──────── DATA FOR THIS EXERCISE

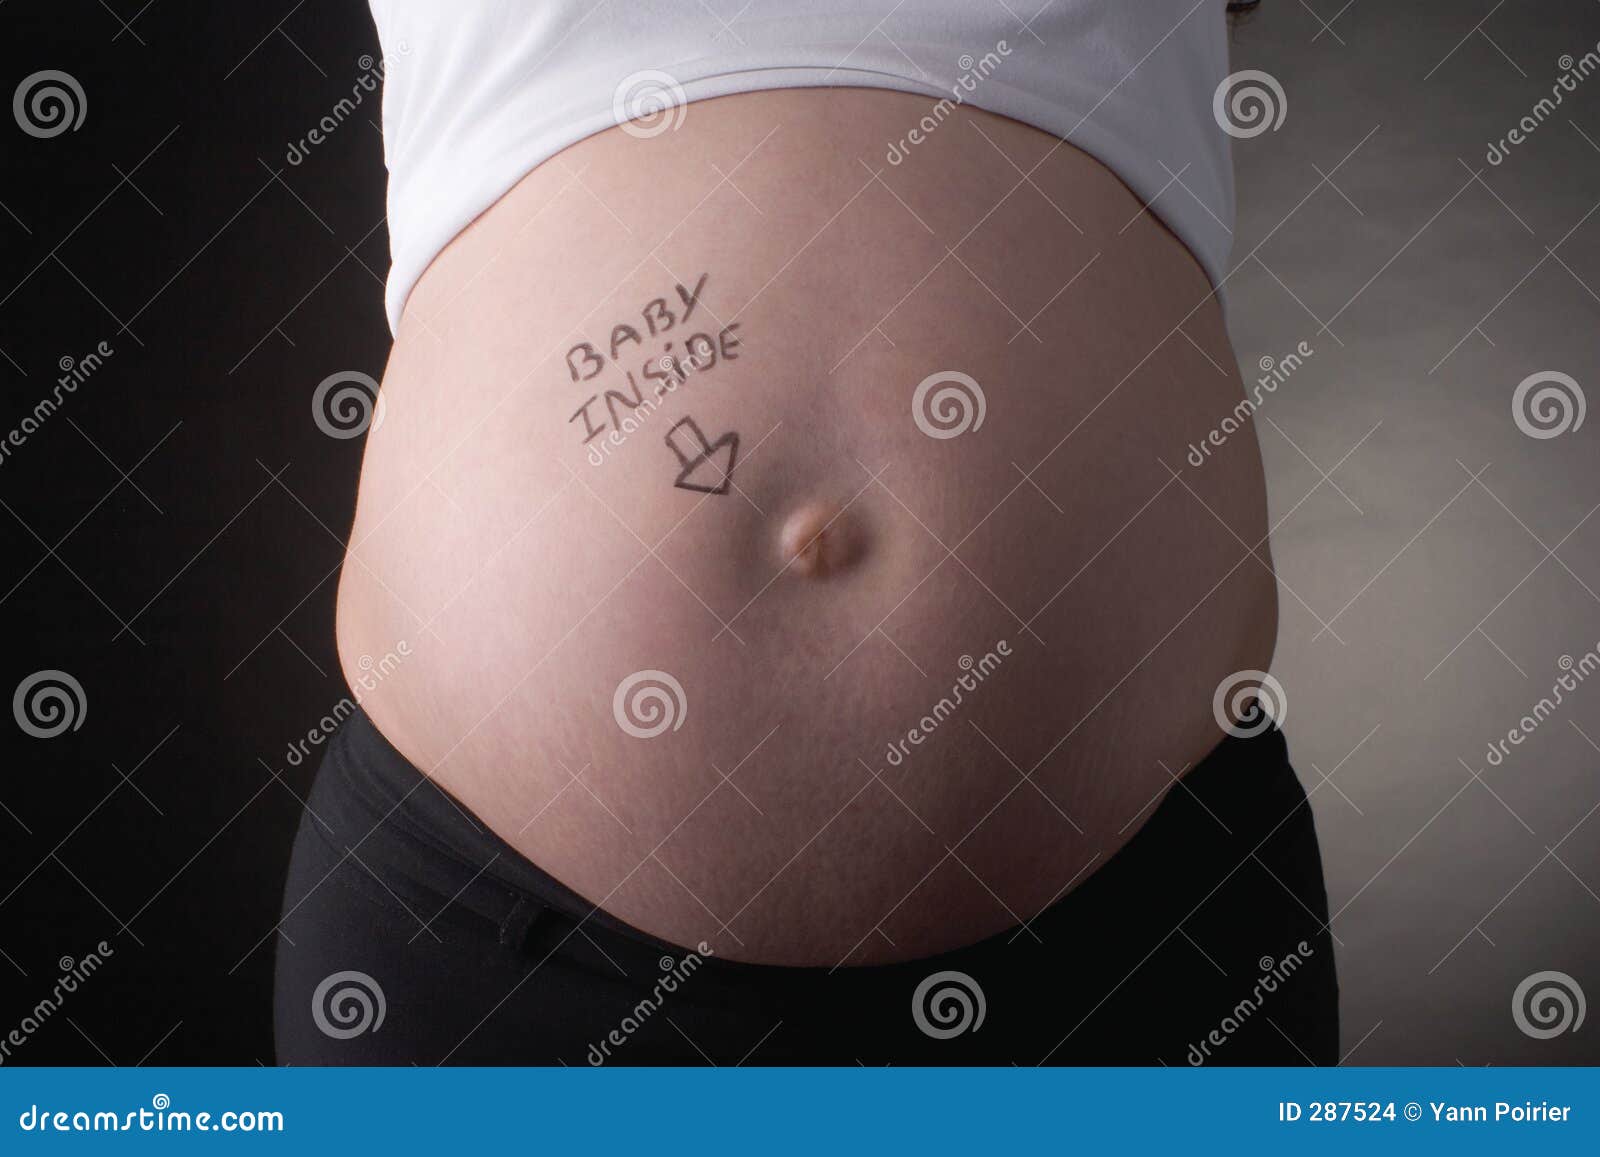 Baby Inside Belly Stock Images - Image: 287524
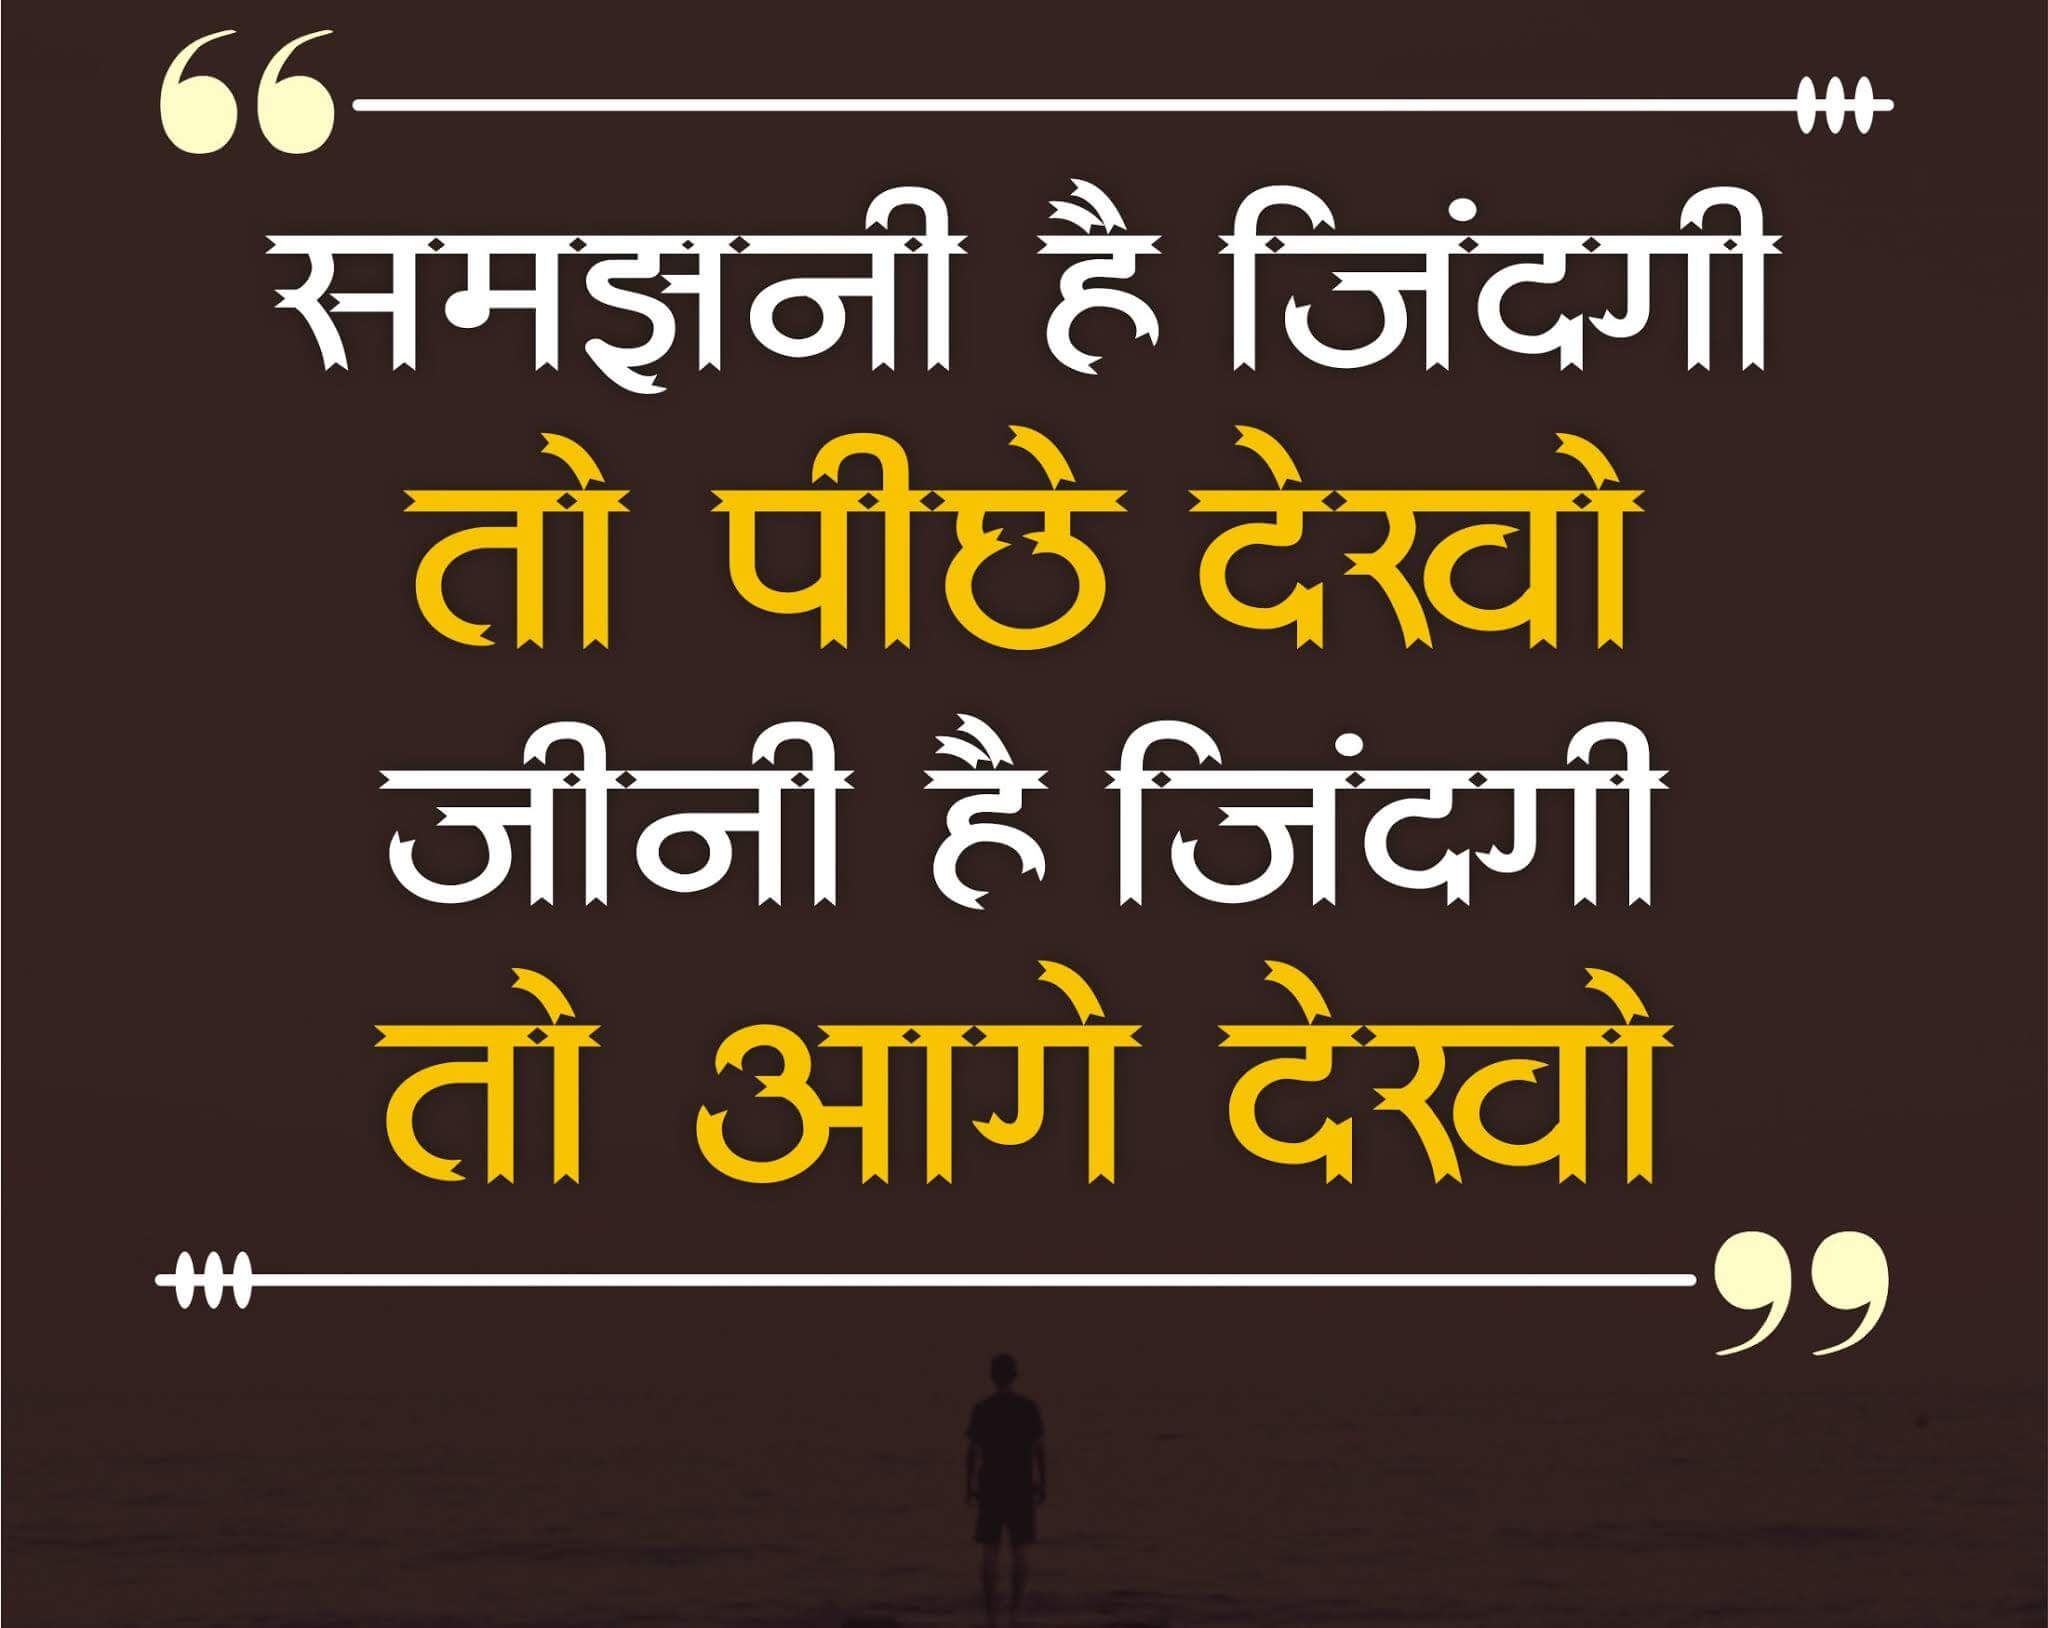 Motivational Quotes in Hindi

────────────────
──────── DATA FOR THIS EXERCISE

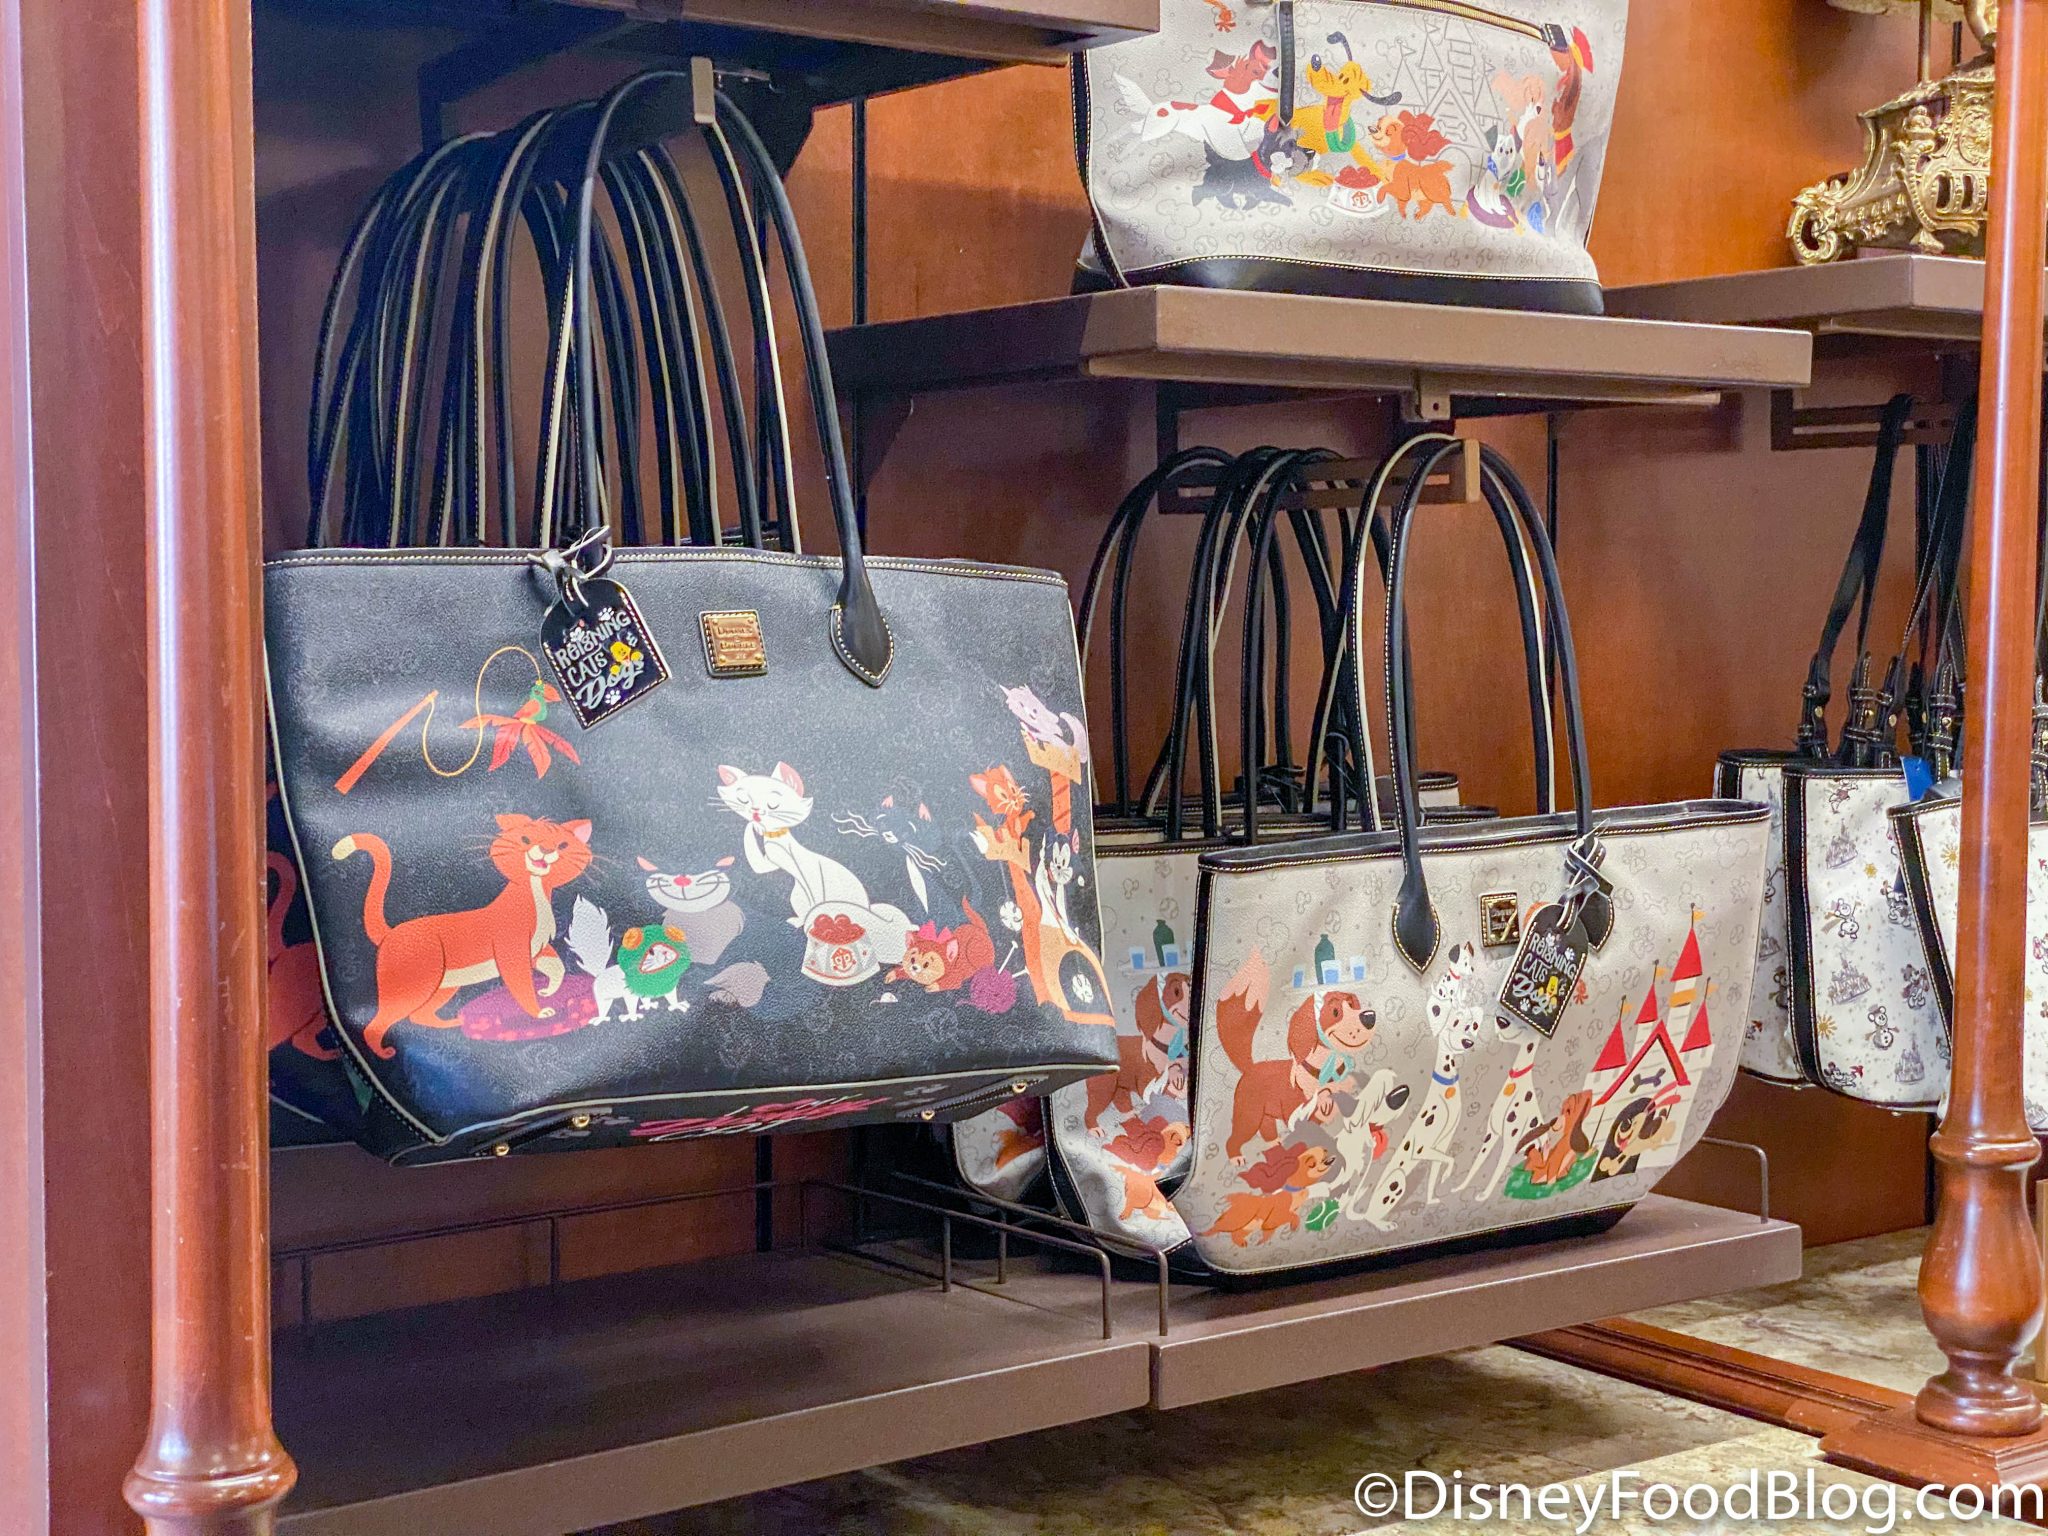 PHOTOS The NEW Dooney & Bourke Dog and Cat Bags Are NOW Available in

────────────────

**INSTRUCTIONS FOR THE TASK**
With the pictures left out, write out exactly the lines above from the one containing "Baby Inside Belly" through the one containing "Motivational Quotes in Hindi".

**YOUR RESPONSE**
 Baby Inside Belly Stock Images - Image: 287524
 Motivational Quotes in Hindi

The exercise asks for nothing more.